2. There is nothing special about 95%. I once thought I had run into a mathematical impossibility. I had transformed my dependent variable in a way that I thought--mistakenly, I later realized--should have had no effect on the sign of the effect. But the sign reversed. In effect, I thought I had changed y to y + 10 only to find the effect flip. I was talking this over with someone, and her response was "well, is the result significant at the 95% level? No? Then that explains it." That couldn't be right: that my result was insignificant didn't save it from the laws of math and logic. 

It is easy to forget how arbitrary the 95% value is. As Hubbard and Bayarri point out, Neyman and Pearson chose 95% and 99% in their work on hypothesis testing because RA Fisher had used those in his version of such testing. We are thus strongly committed to a 95% level that comes from a choice of expediency drawn from different application--after all, Fisher's approach did not involve an alternate hypothesis. And there is no strong theoretical reason for 95% over any other level; it seems more to be the result of the historical accident that the first mover, Fisher, just happened to choose it.

And so it is disappointing that rarely if ever do we see a paper wrestle with the proper level of significance, such as by asking whether this is a case where a false negative is better or worse than a false positive. After all, it is not always clear that we are best served by the conservatism of the 95% confidence interval. A false positive may be worse than a false negative in criminal law ("better 10 guilty men go free..."), but a false negative may be worse in some medical situations, such as whether a particular pill works.

Given that I am suggesting that we should move away from hypothesis testing altogether, it may seem strange to raise these points: why complain about the flaws in a system that I think should be replaced? Two reasons.

First, these problems indicate that our current hypothesis testing procedures are not things that have been rigorously debated and worked out. They are often misapplied, and some of their core concepts appear to be more the result of quick choices than deep thinking. Thus the failure to address these concerns in current work do not reflect the fact that the issues are proven and settled (i.e., we don't ask geologists to start off by proving that the earth is roughly round). We really need to think much more carefully about these issue.

Second, inductive reasoning still requires us to estimate confidence intervals: we need to put bounds on what the true effect is. And so the debate about how wide to make those intervals will remain. Wide bands are more likely to contain the true value, but they will be noiser. It will be easier to see patterns in narrow bands; plus, the more we synthesize across multiple studies, the easier it will be to see if the bands are scattered or clustered, further reducing the need for wide bands (since we can see uncertainty either through one wide band or several scattered narrow bands).

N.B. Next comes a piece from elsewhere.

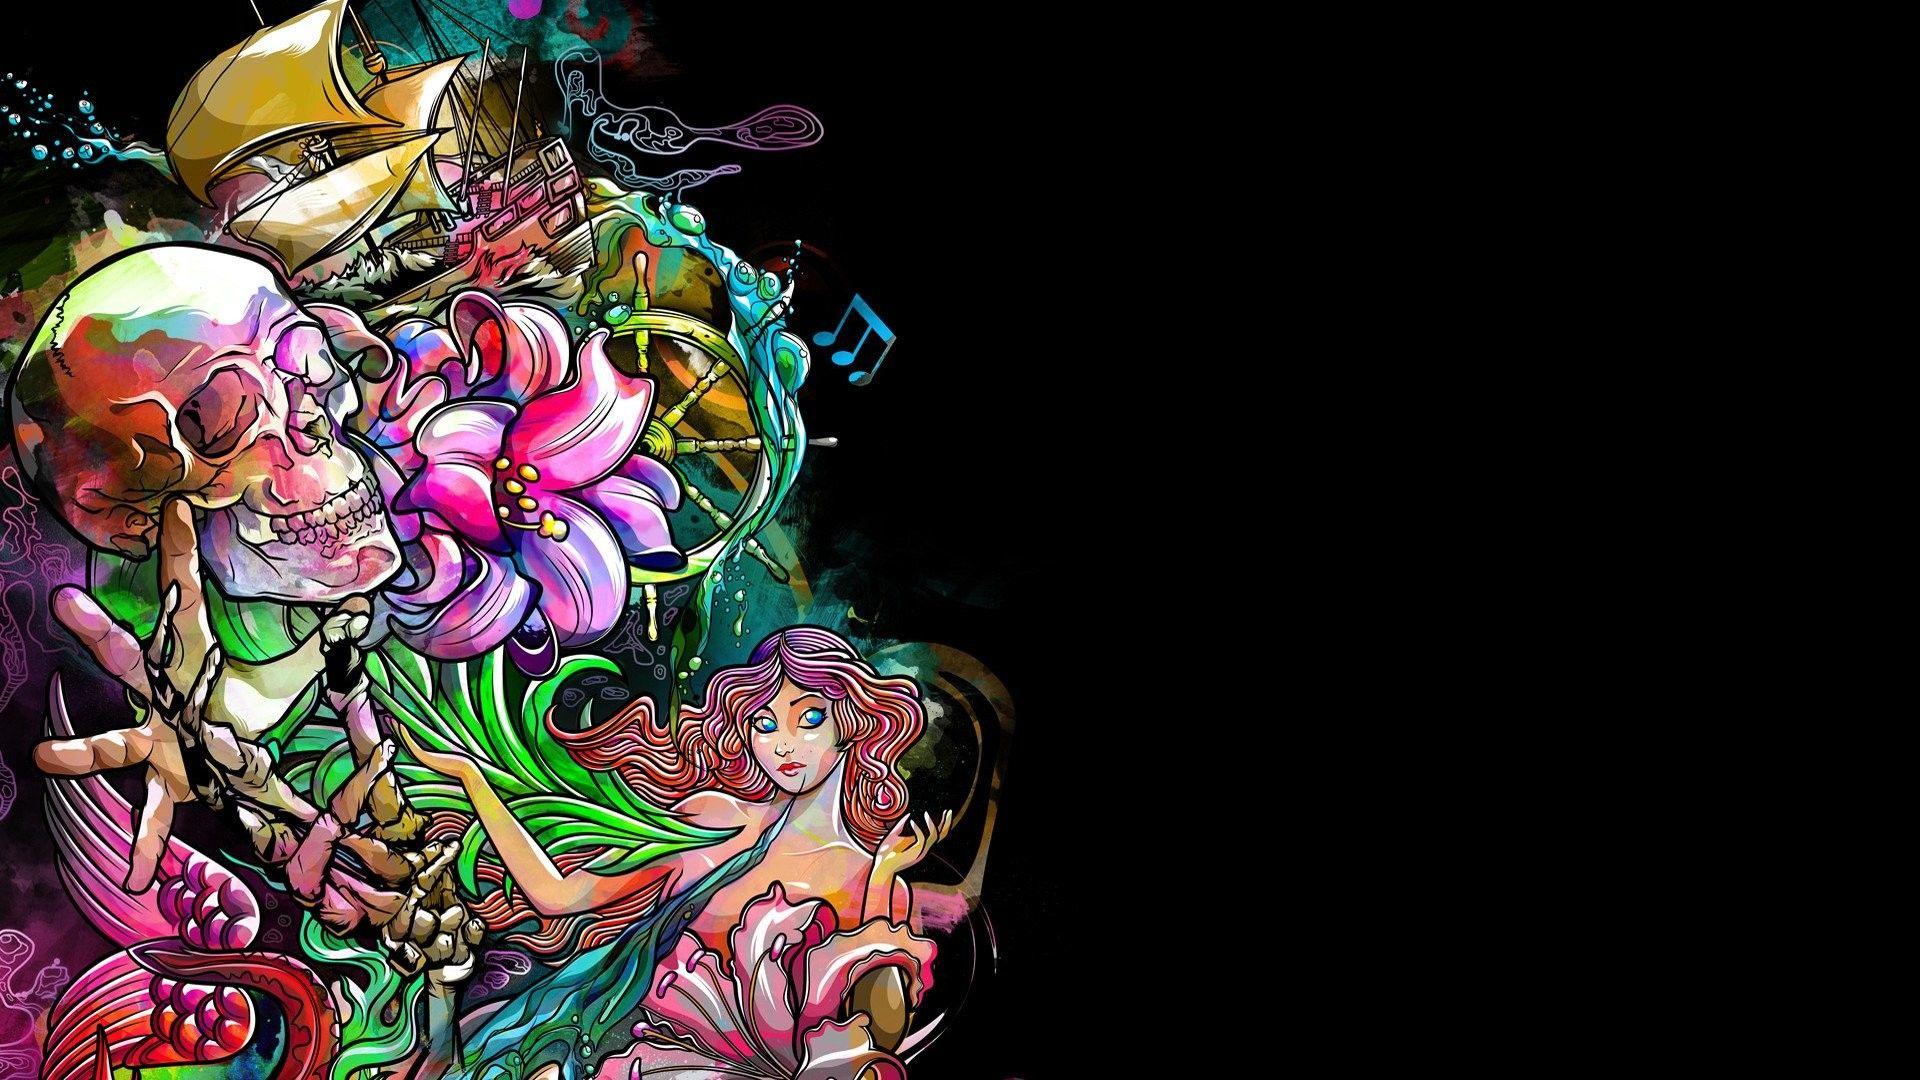 Art ID: 117858

Moreover, it may be easier to see precision with narrow bands.

With this, I will conclude my look at where we've been. I now want to turn my attention to where we need to go. So tomorrow I will start looking at how to develop rigorous evidence-based approaches to empirical evidence in the social sciences.

Posted by John Pfaff on April 13, 2009 at 11:34 PM | Permalink


TrackBack URL for this entry:

Listed below are links to weblogs that reference More Problems With Hypothesis Testing (From a More Technical Perspective):


Loved this post too.

I don't know about the use of the term "true effect" . . . . would you agree that we'll never really know a "true effect" until and unless we have perfect data (like Laplace's demon) and a perfect model? Which isn't going to happen. Isn't the best we can do, "if we ran an infinity of statistical tests on the imperfect model and imperfect data that we have, then the coefficient would probably lie within such-and-such interval"?

Posted by: Stuart Buck | Apr 15, 2009 3:41:48 PM

The comments to this entry are closed.